If the person who is helped is a health professional, the process is both more complex and far reaching. It probably requires more energy, pain and frustration to prompt those of us who are health professionals to turn from conventional biomedicine and its theories to other healing practices, to allow ourselves to mistrust received medical authority. We risk a loss of certainty about our own profession and the ridicule of our colleagues. But once we’ve stepped outside the bounds of conventional medicine and found help, there is no going back, for ourselves, or our patients.

This happened to me twenty-two years ago when a combination of fasting and osteopathic manipulation cured a back problem which was forcing me toward surgery. On the most superficial level, I could no longer insist that everyone with back pain immediately see the orthopedist, or share my colleagues’ scorn for chiropractors (at the time M.D.s who referred patients to chiropractors were deemed unethical by the AMA) who, like osteopaths, manipulated the back. I couldn’t continue to reflexively scoff at the dietary therapies that people said helped them, or for that matter any therapy that someone — practitioner or patient — found of value. Indeed, I reminded myself, I would have to listen far more closely and respectfully to everything that all of my patients said and all the avenues for help they wanted to explore.

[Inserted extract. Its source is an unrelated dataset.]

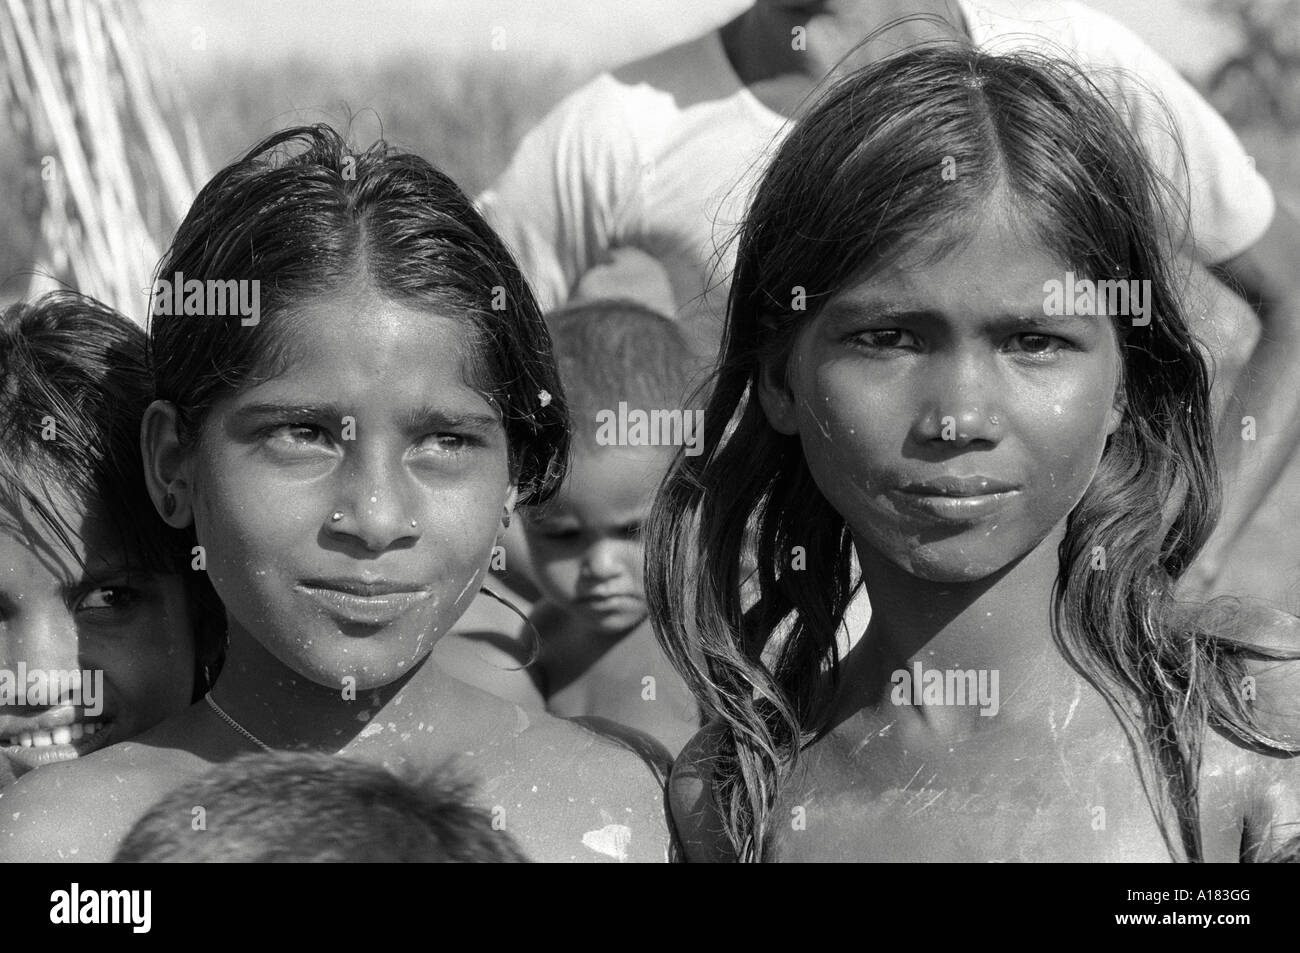 Portrait N/B des enfants secourus de leur village coupé par les eaux de crue. Khulna, Bangladesh Banque D'Images

The same process is now being repeated on a vast scale. Thousands of health professionals and millions of others are experiencing the beneficial effects of a new more democratic and collegial approach to health care, of mind-body approaches and alternative therapies that work. They are telling others in person, in print, on television, and over the Internet that they feel better. They are sharing what they know with those who come to them for help and this sharing is changing how we as a society define medicine and what we expect from it. The many voices of personal experience have an authority which is compelling all of us to question all received medical truths and to search for and demand new techniques and new models of care.